Joelle Pineau doesn’t want science’s reproducibility crisis to come to artificial intelligence (AI).
Spurred by her frustration with difficulties recreating results from other research teams, Pineau, a machine-learning scientist at McGill University and Facebook in Montreal, Canada, is now spearheading a movement to get AI researchers to open up their methods and code to scrutiny.
Alongside Koustuv Sinha, a PhD student at McGill, Pineau holds one of two new roles dedicated to reproducibility on the organizing committee for the Conference on Neural Information Processing Systems (NeurIPS), a major meeting for AI that this year attracted some 13,000 researchers. Ahead of this year’s conference in Vancouver, Canada, from 8 to 14 December, the committee asked scientists to provide their code and fill in a checklist of methodological details for each paper submitted. They also ran a competition that challenged researchers to recreate each other’s work.
Pineau spoke to Nature about the measures and how they’ve gone down with the community.
It’s easy to imagine why scientific studies of the natural world might be hard to reproduce. But why are some algorithms irreproducible?
It’s true that with code, you press start and, for the most part, it should do the same thing every time. The challenge can be trying to reproduce a precise set of instructions in machine code from a paper. And then there’s the issue that papers don’t always give all the detail, or give misleading detail. Sometimes it’s unintentional and perhaps sometimes it’s towards making the results look more favourable. That’s a big issue.
What got you interested in reproducibility?
I fell into reproducibility by accident. Over and over again my students would say ‘I can’t get these results’, or they found that, to get the results, they had to do things that I didn’t think were correct, methodologically. So for me it was important to stop it before it becomes the norm. It’s also very timely for the wider community because there are a lot of people flooding in to the field and it’s important to establish what the methodological norms are.
What’s an example of such a practice?
In reinforcement learning, for example, if you do two runs of some algorithms with different initial random settings, you can get very different results.

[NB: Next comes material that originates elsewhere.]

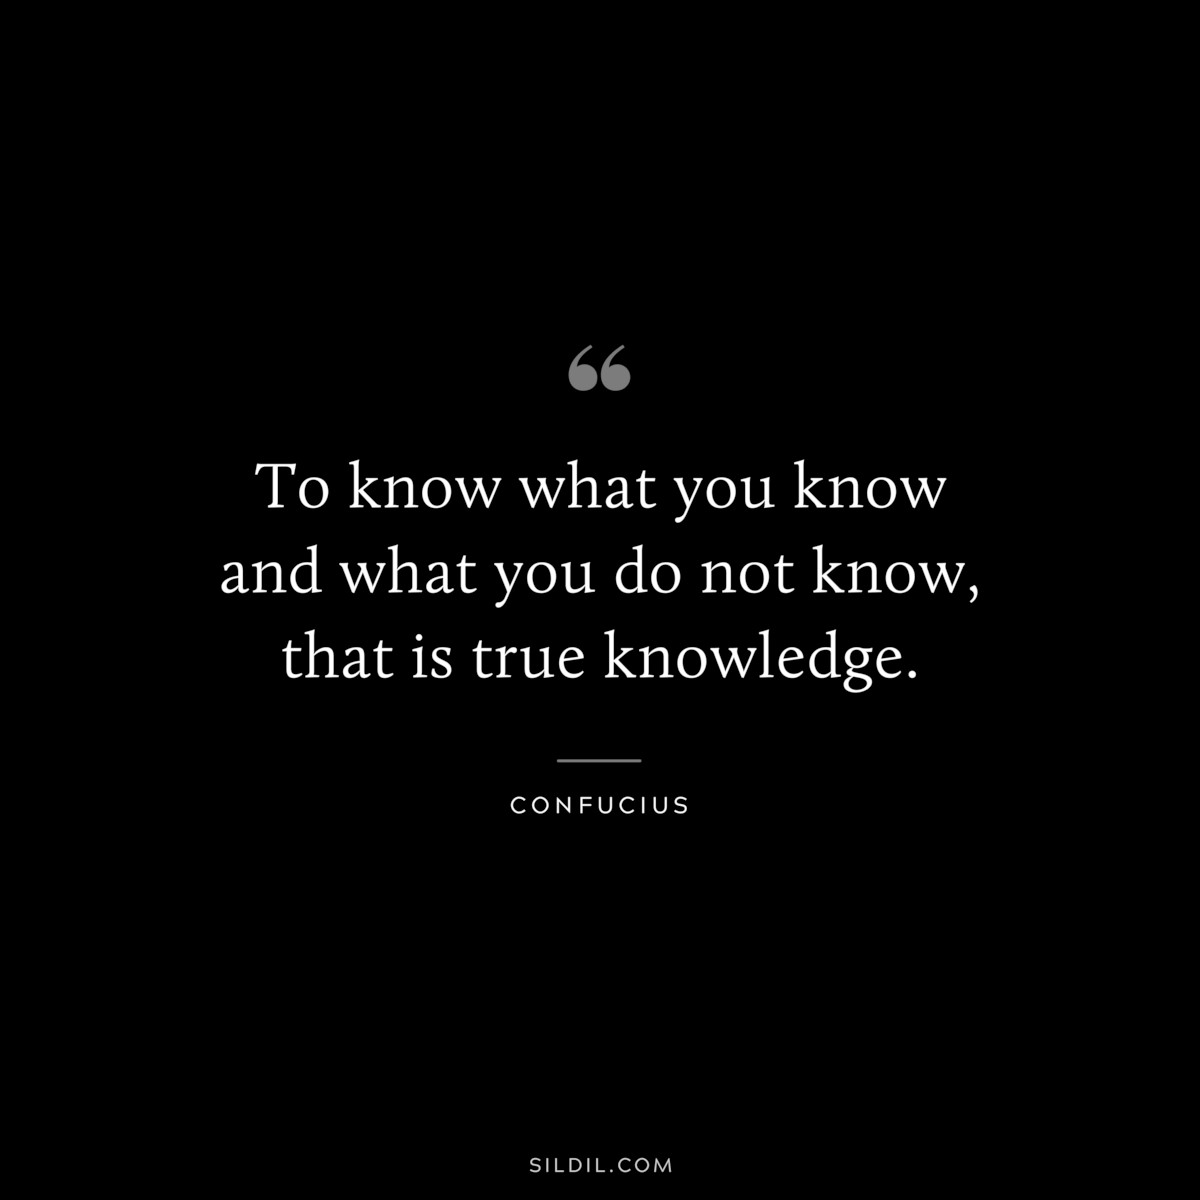 To know what you know and what you do not know, that is true knowledge. ― Confucius

And if you do a lot of runs, you’re able to report only the best ones. Results from the people with more computing power to do more runs will look better. Papers don’t always say how many runs were performed. But it makes a big difference to the conclusions you draw.
What reproducibility measures were enacted at NeurIPS this year?
There were three portions: we encouraged people to submit their code; we’re running a reproducibility challenge; and we introduced a checklist for papers submitted. The checklist asks, for example, whether you clearly labelled the type of metrics and measures you’re using, whether you provided error bars, what the details of your model are and how you set certain aspects of the model that can change the results a lot.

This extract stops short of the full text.